Norway’s SWF Inches Toward Private Equity Clearance

Ministry of Finance to present decision-making assessment this spring.

After a recent response to a June request by the Ministry of Finance, it appears that private equity investment is on the horizon for Norway’s $1 trillion Government Pension Fund Global (GPFG).

“It will be natural for the Bank to approach investment opportunities and build expertise gradually. The strategy for the fund’s unlisted investments will evolve over time and will be adjusted in the light of experience,” the fund’s manager, Norges Bank, responded in a Monday letter, signed by Norway’s Central Bank Governor Øystein Olsen and Norges Bank CEO Yngve Slyngstad, “Priority will be given to areas where the expertise we build up can be expected to have positive knock-on effects on other parts of the fund’s management.”

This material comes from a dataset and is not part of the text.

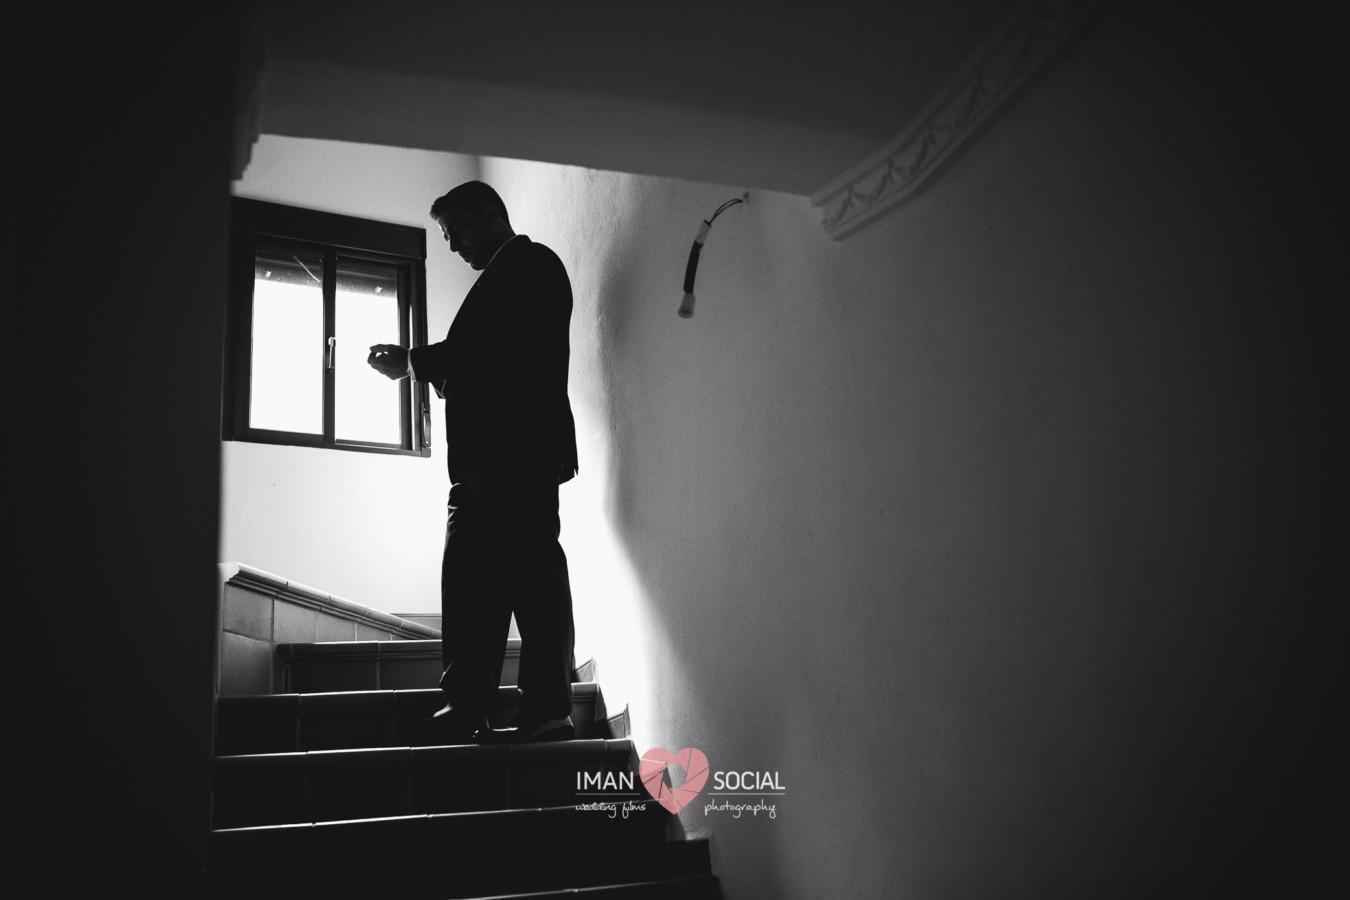 fotografo-de-boda-en-cordoba-sevilla-posadas-boda-auxi-y-antonio-09 Auxi & Antonio, primera boda de la temporada - video boda cordoba

In addition to equities of companies in the process of going public, the bank is currently authorized to invest in public equities, fixed-income, and unlisted real estate beyond Norway. While it had previously called for the inclusion of private equity investment in 2010, it is unclear as to why it has taken eight years for the ministry to consider approving the move.

“Large investors will often have better opportunities and better abilities to co-invest alongside private equity funds. Investors are not normally charged management fees for these co-investments,” the letter read, “Several studies indicate that investors with large sums invested in unlisted equity have achieved slightly higher returns after costs than investors with only small sums invested. Lower management costs as a result of better negotiating power and more resources to conduct thorough due diligence have been mooted as possible explanations.”

Want the latest institutional investment industry
news and insights? Sign up for CIO newsletters.

“The Ministry of Finance aims to present its assessment of whether the GPFG should be permitted to invest in unlisted equity in the annual white paper to Parliament this spring,” Tore Vamraak, Norway’s state secretary in the finance ministry, said in a Wednesday statement obtained by Financial News London. “The assessment will build on advice from Norges Bank and a report commissioned from an expert group.”

Vamraak expects the report to be published shortly.